Data for review =>
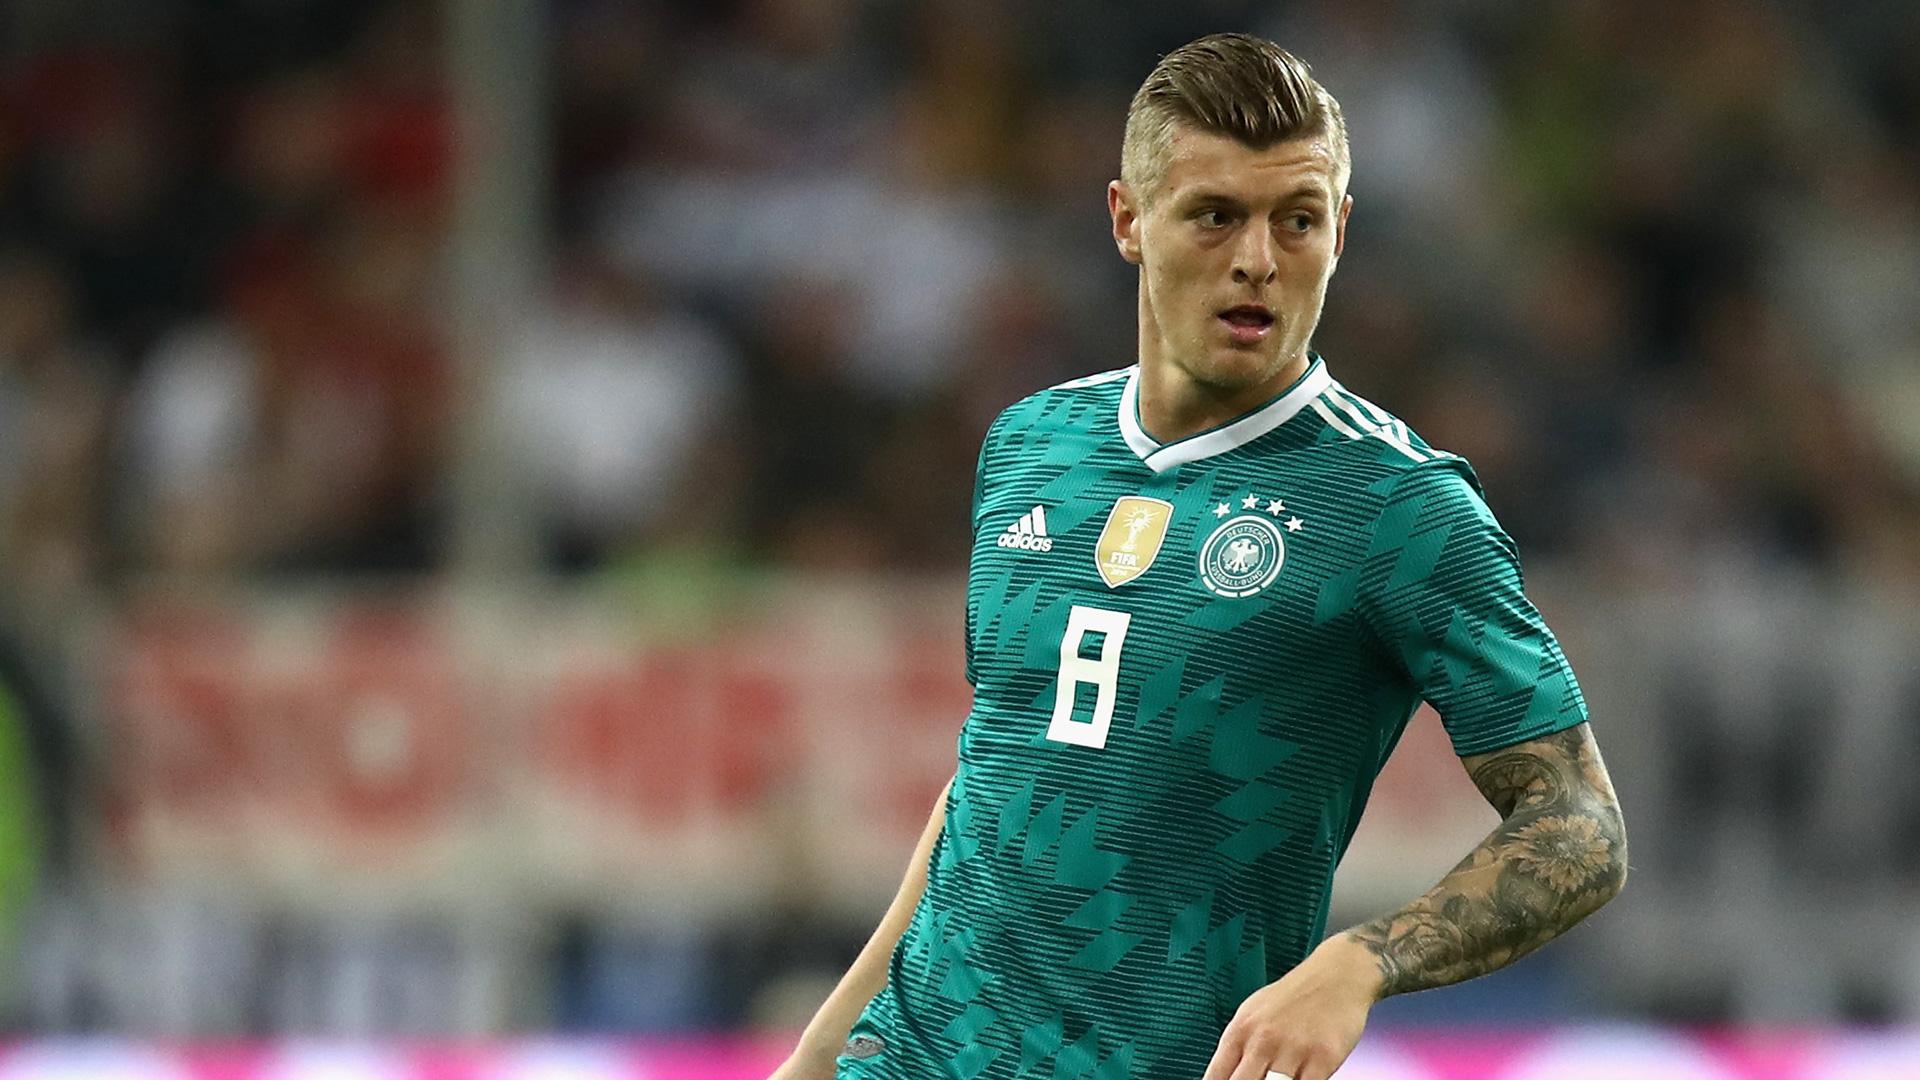 Hoje tem Alemanha x Brasil. Quem vence o jogo?
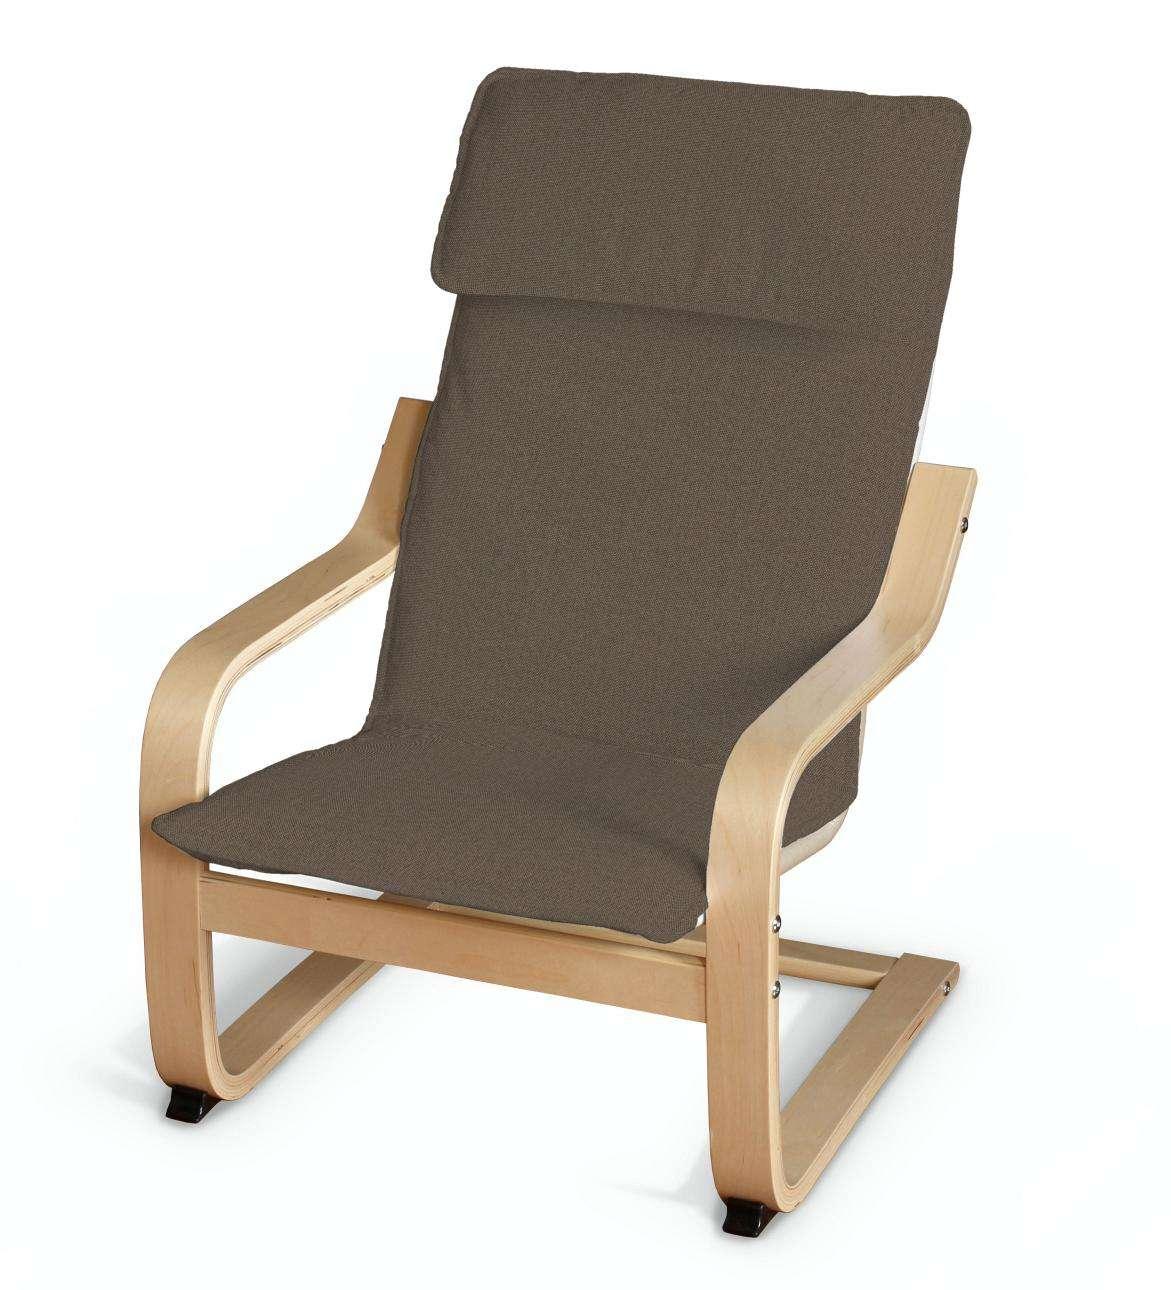 Poäng barnestol komplett stolpute fra kolleksjonen Etna - Ikke for gardiner, Stoffets bredde: 705-08
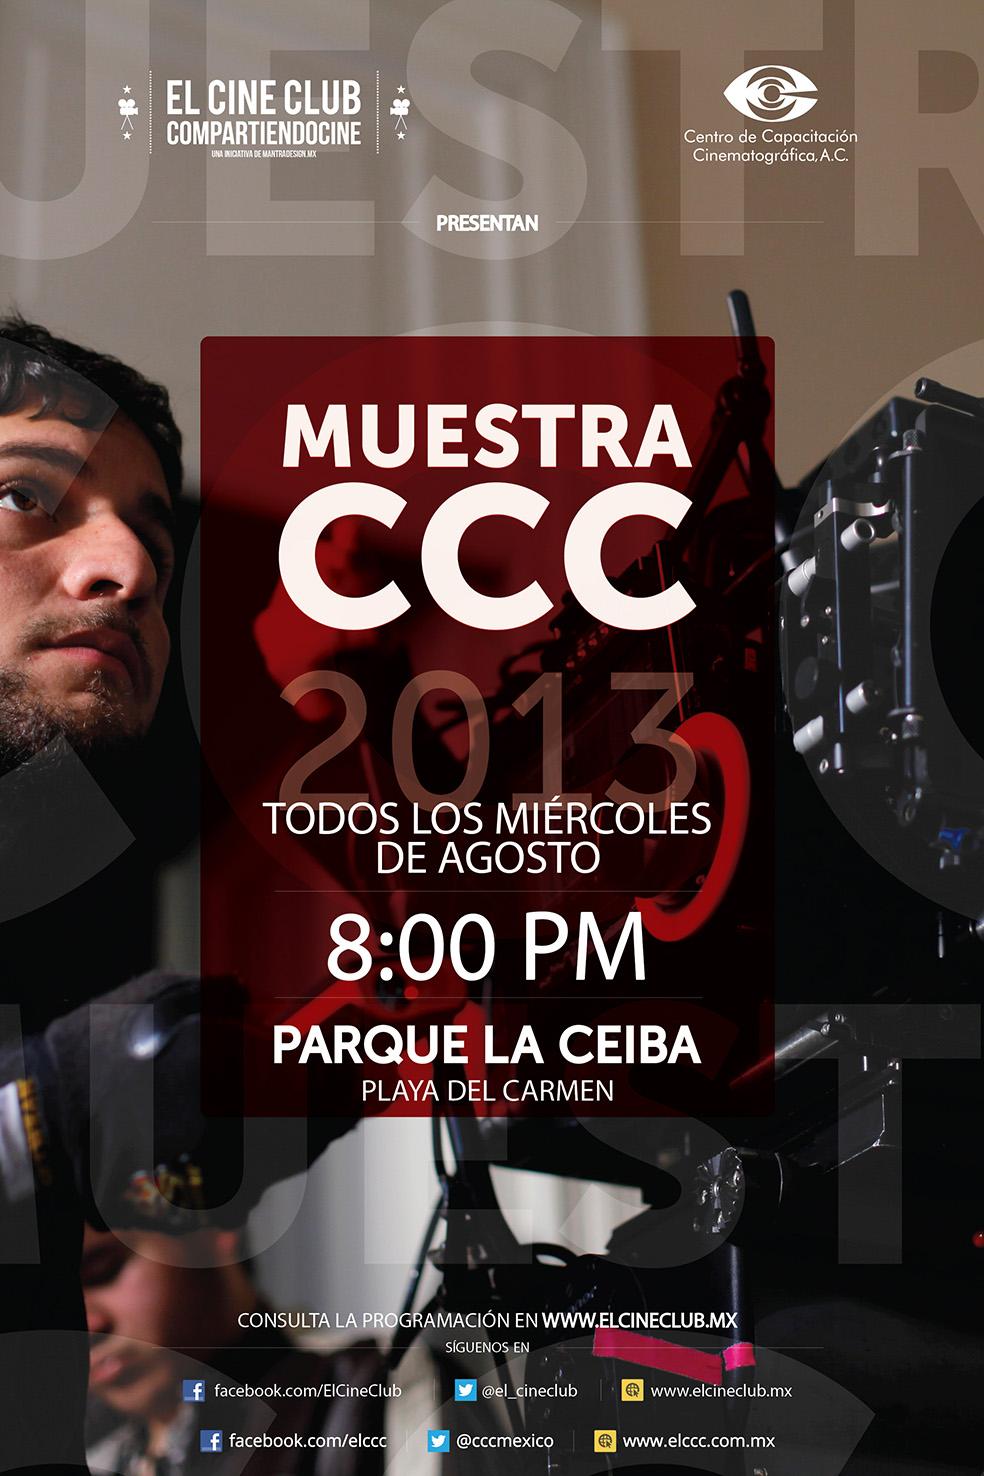 Muestra CCC 2013 en Playa
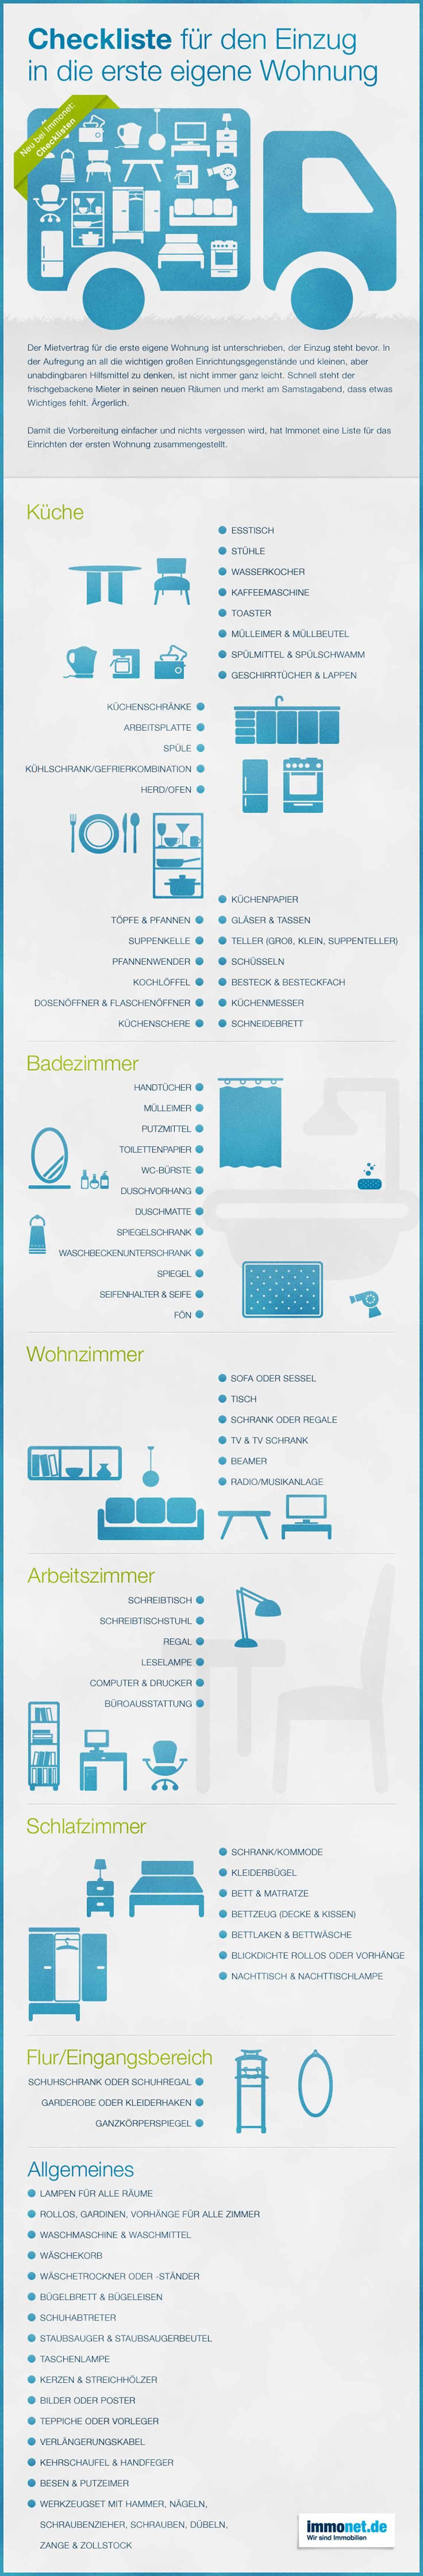 checkliste f r den einzug in die erste eigene wohnung putzen limpiar cleaning. Black Bedroom Furniture Sets. Home Design Ideas
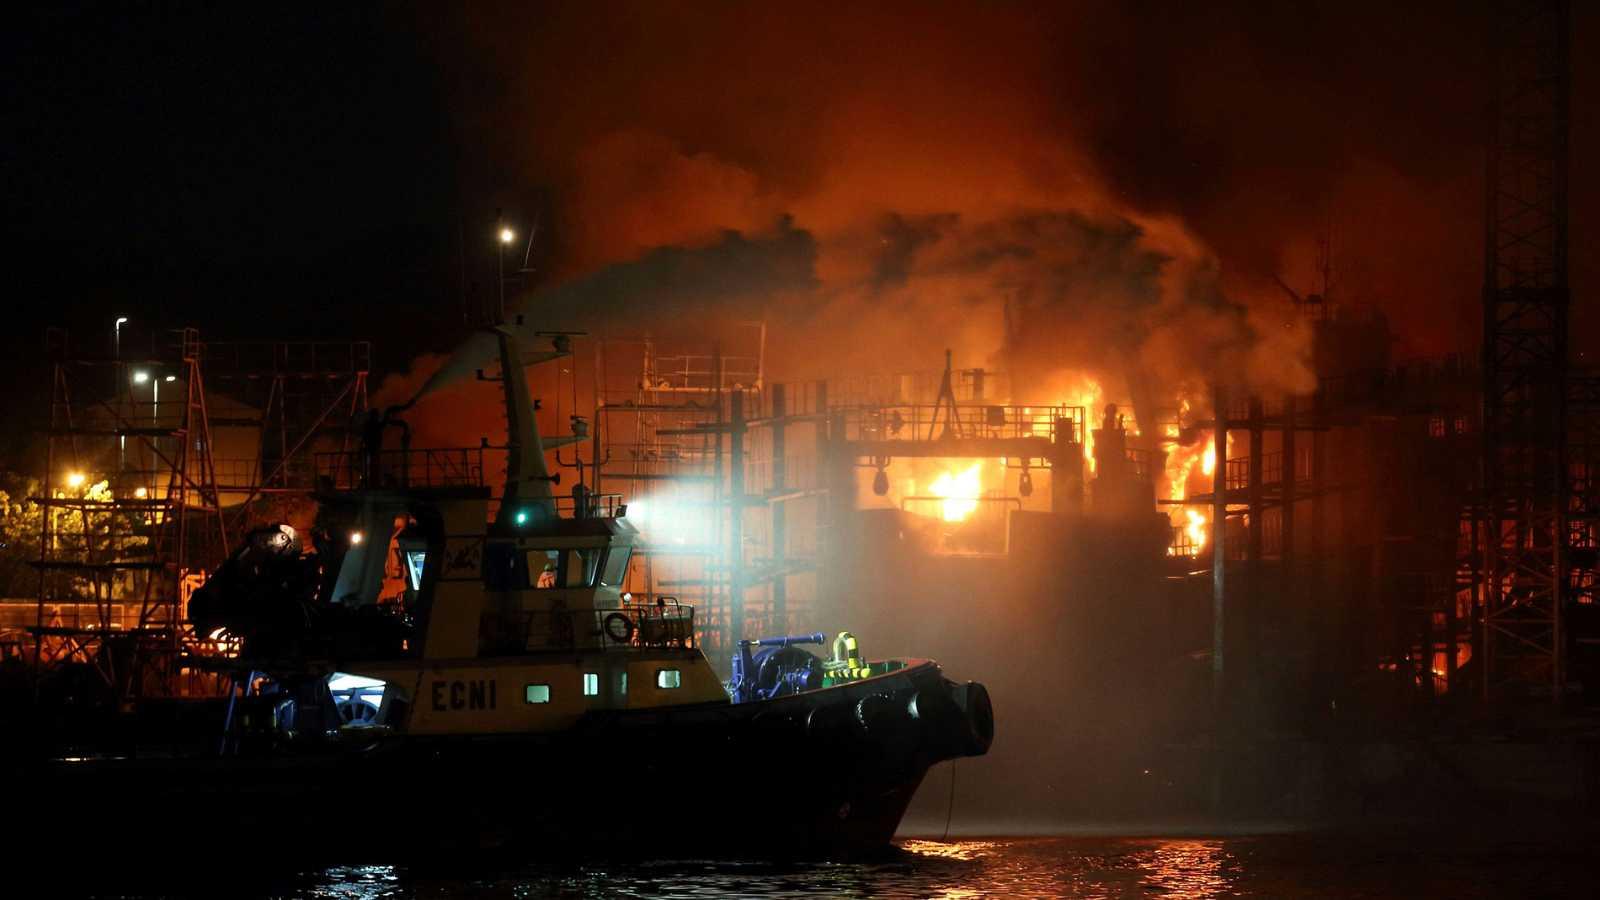 Un incendio en un astillero de Pontevedra arrasa tres barcos

Directions for this task =>
Reproduce exactly the part of the records above that begins at the line holding "Poäng barnestol komplett" and ends at the final line, both included, leaving out the pictures.

Task solution =>
 Poäng barnestol komplett stolpute fra kolleksjonen Etna - Ikke for gardiner, Stoffets bredde: 705-08
 Muestra CCC 2013 en Playa
 checkliste f r den einzug in die erste eigene wohnung putzen limpiar cleaning. Black Bedroom Furniture Sets. Home Design Ideas
 Un incendio en un astillero de Pontevedra arrasa tres barcos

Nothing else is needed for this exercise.